I wrote this a couple of days ago yet neglected to post it (didn't feel finished? so what, post it anyway...):
One thing I've been doing is mentally breaking down the skills that get called upon in reading music, whether a prima vista or at one's leisure, and figuring out ways of honing these skills individually, with computer/internet trainers, and by creatively different ways of approaching and learning from the variety of sheet music & recordings I have floating around my life/computer.
There's a lot of interesting material at PianoWorld and elsewhere on the internet about the characteristics, actions & perceptions of skilled and unskilled sight-readers, from self-reports to outcomes of studies. Having recently figured out that musical literacy seems to be a primary goal of mine, I've enjoying reading them and trying to extract an awareness of the many skills related to fluent music-reading, and think of ways to isolate these skills in order to practice them individually.
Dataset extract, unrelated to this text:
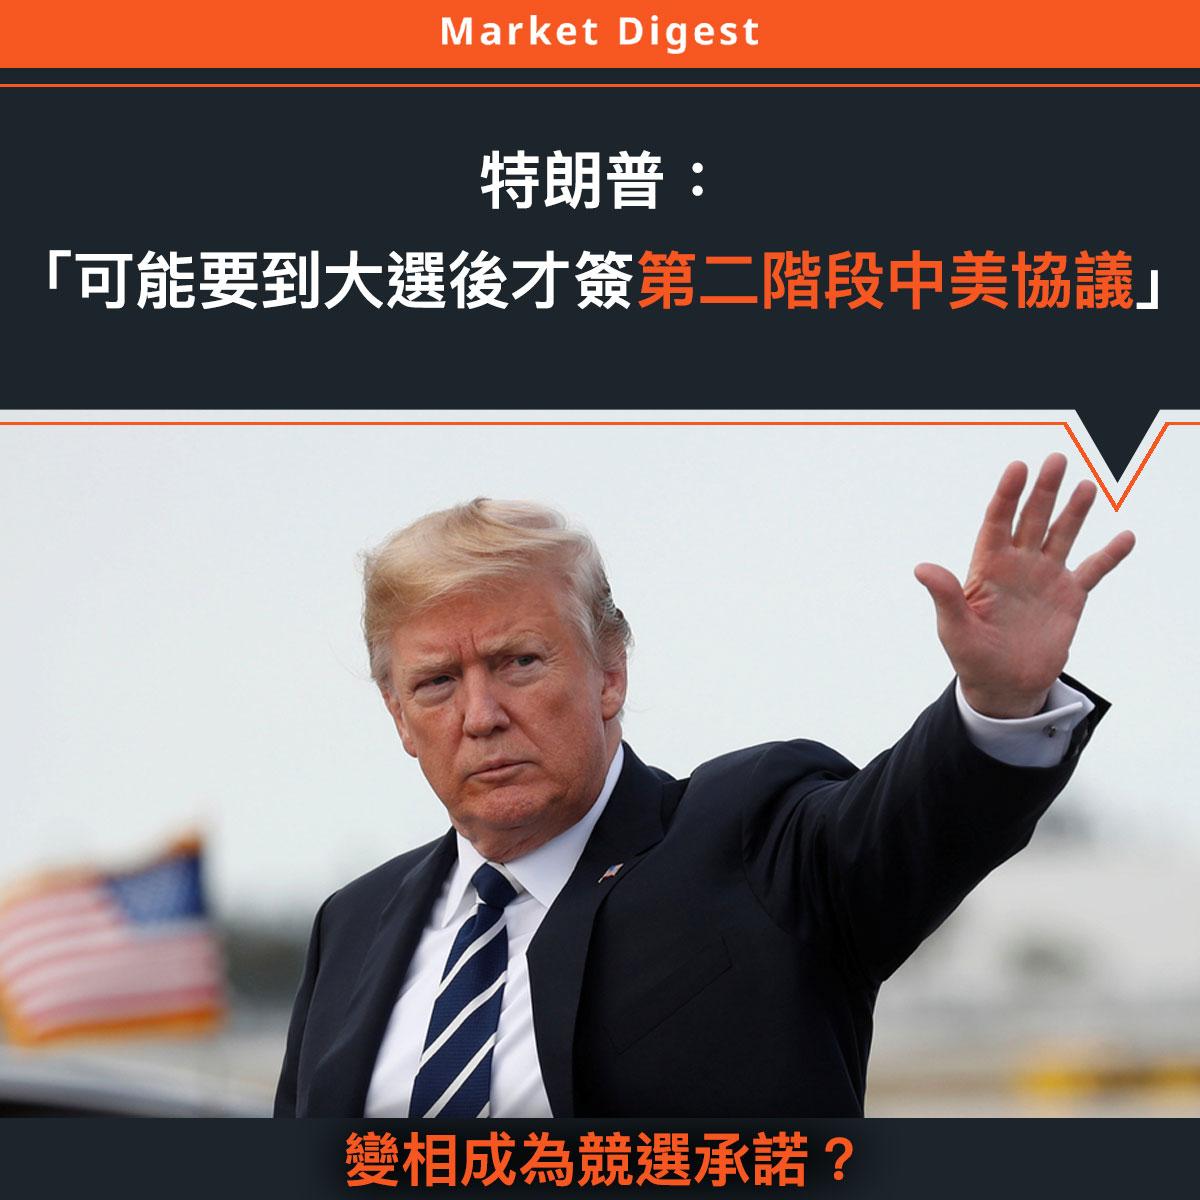 【中美貿易戰】特朗普:「可能要到大選後才簽第二階段中美協議」

Perhaps it would be optimal to hone them all at once by doing infinite sight reading (though I'm not sure about this), but I find that merely accumulating sufficient "fodder" for prima-vista perusal imposes a financial limitation. But in addition, I find that my attention span is extended by cycling through different learning/self-testing media, and I think there's perspective to be gained by viewing a task from a variety of different angles -- correlating the perspectives re-enforces basic patterns, if that makes any sense.
As examples of the kind of things I'm talking about, there's of course Practica Musica and the various web-based trainers I use. But I was thinking of things like taking the sheet music that's too hard for me to sight read, and doing things like:
* go through and just identify intervals as quickly as possible (like in hymnal or chorale)
* tap out the rhythms, one staff in each hand (in music with one voice per hand)
* look at a measure, then look away and see how much of it I can reconstruct from memory (practice for reading ahead when sight reading)
* play through an unfamiliar piece at the keyboard, not sight-reading, but letting rhythms slide a bit, repeating bits as necessary to achieve musical sense, and focusing on hitting correct notes
* play along with a (slowed down) recording of a less familiar piece, concentrating on real-time reading -- prioritizing playing in rhythm on major beats
* reading along with a more difficult recording (just reading, not at the keyboard), following the rhythms
* reading along with a recording (not at keyboard), looking and listening to be aware of what scale degrees the music is moving through, as well as listening for the melodic & harmonic movements that correlate with the patterns of theory visible in the notes on the staff -- which entails recognizing intervals, chords, broken chords, etc.